Работа у Бомзе была необычная. До войны я вообще не мог понять, как такую ерунду можно считать работой: Михал Михалыч был профессиональный шутник. Он придумывал для газет и журналов шутки, платили ему очень немного и весьма неаккуратно, но он не обижался, снова и снова приносил свои шутки, а если они не нравились – забирал или переделывал. Он любил повторять, что, к счастью, за самые лучшие шутки и анекдоты ему не назначили гонорара. Называлась его профессия «юморист-малоформист», и меня всегда удивляло, как может придумывать действительно смешные шутки и истории такой унылый и тихий человек…

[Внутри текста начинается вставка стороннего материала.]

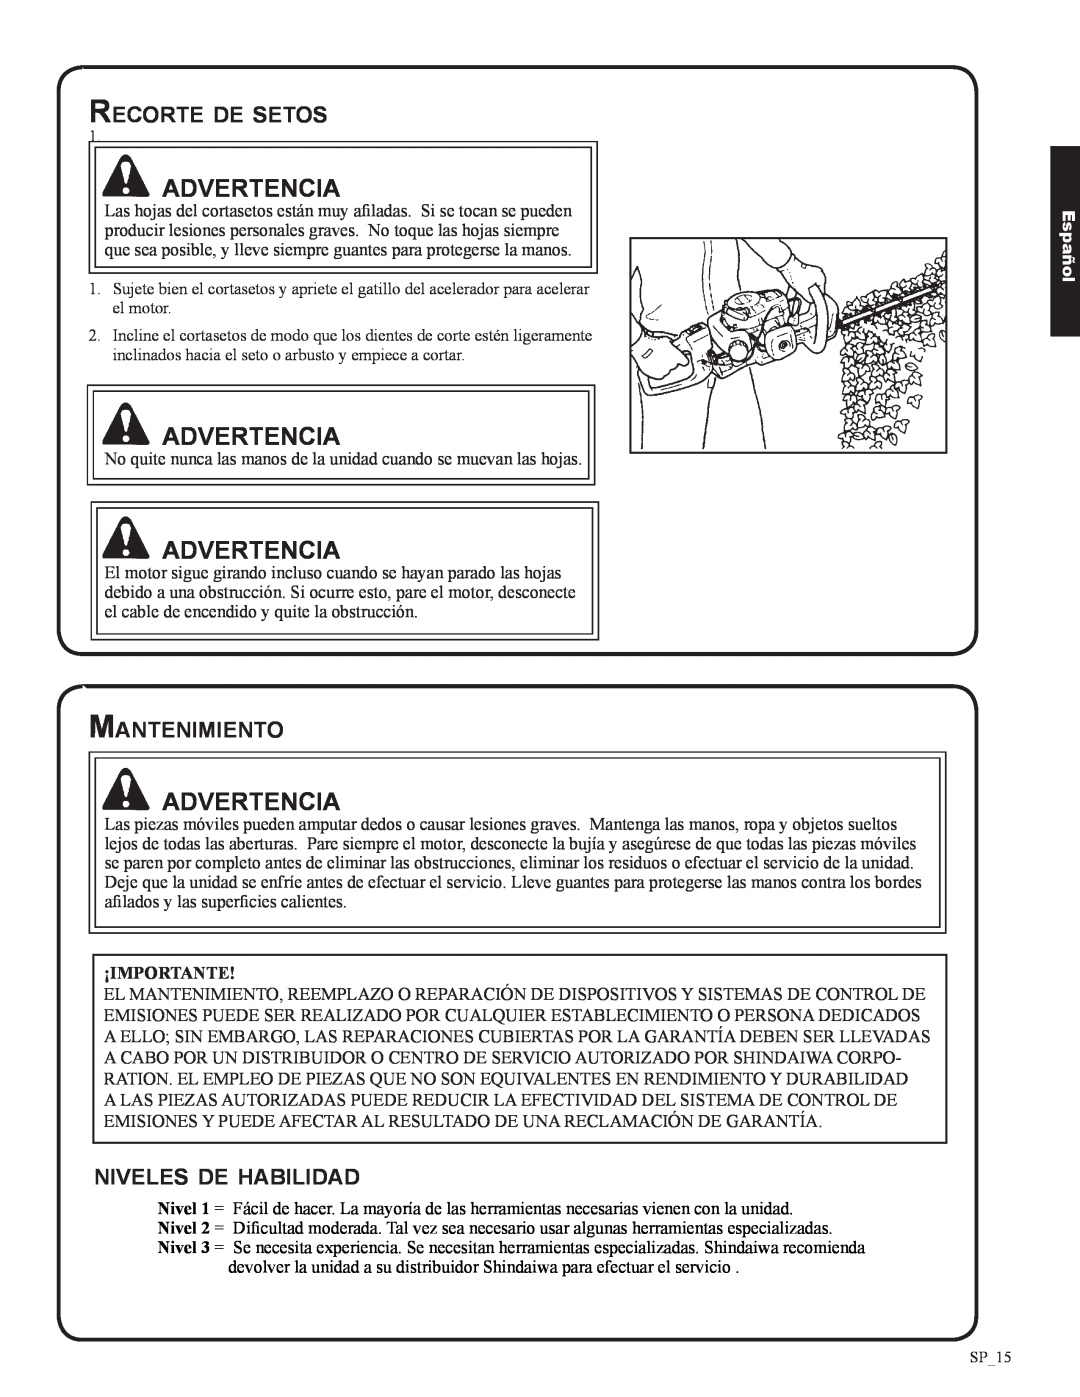 Shindaiwa 82053, DH212 manual Recorte de setos, Mantenimiento, niveles de habilidad, Advertencia, Español 
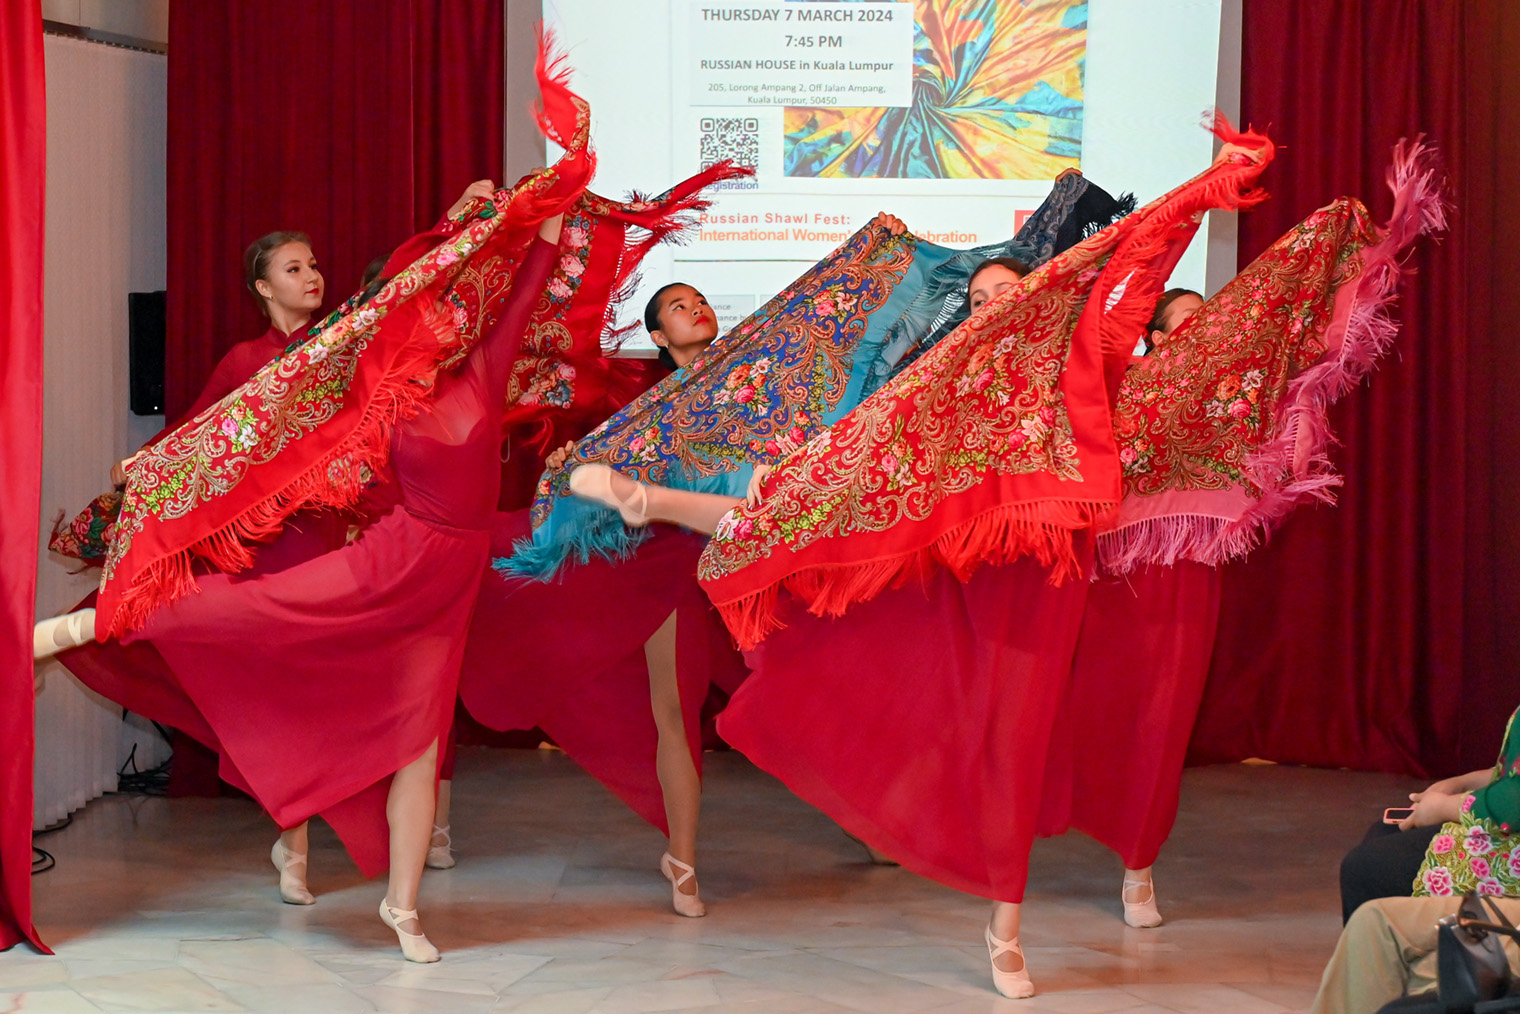 Мероприятие открыли танцем с платками. Фотография: Русский дом в Куала-Лумпуре

Мне показалось, что Михал Михалыч хочет сказать что-то важное, но на кухню ввалилась Шурка Баранова со всеми пятью своими отпрысками, и сразу поднялся здесь невыразимый гвалт, суета, беготня, топот, крики, смех и плач одновременно, дети хватали из тарелки картошку Бомзе, дергали меня за ремень, один подлез под полу шинели, чтобы пощупать кобуру пистолета, другой забрался к старику на колени, все они хотели кричать, бегать, есть, они хотели жить, и я понял, почему старик не желает уезжать отсюда в Киев не то к друзьям, не то к родственникам.
КЛЕВ РЫБЫ
На подмосковных водоемах изо дня в день усиливается клев рыбы. Щука берет лучше всего на Истринском водохранилище. Здесь попадаются экземпляры весом в 4–5 кг. Хорошо клюет и окунь, нередко довольно крупный, 600–700 граммов.
«Вечерняя Москва»
В отделе было шумно: опердежурный Соловьев выиграл по довоенной еще облигации пятьдесят тысяч. Счастливчик, очень довольный и гордый, слегка смущаясь, благодарил за поздравления, с которыми к нему приходили даже люди малознакомые. Торжество достигло вершины, когда явился редактор управленческой многотиражки с фотографом. Правда, тут Соловьева обуяла скромность, и он стал отказываться, бормоча, что ничего особенного он не сделал, но редактор быстро урезонил его, подсказав, что помещать его портрет в газете будут не от восхищения замечательными соловьевскими глазами, а потому, что это дело политически важное.
Потом пришел Жеглов, которому Соловьев в тысячный раз поведал, как он вчера «так просто, от скуки, чтоб время, значит, убить» проверил номера облигаций по первому послевоенному тиражу:
– Смотрю, братцы вы мои, серия сходится! А как увидел выигрыш – полтинник, – так и номер проверять опасаюсь, вдруг, думаю, не тот, получи тогда «на остальные номера выпали…». Отложил я газету на диван, пошел перекурить…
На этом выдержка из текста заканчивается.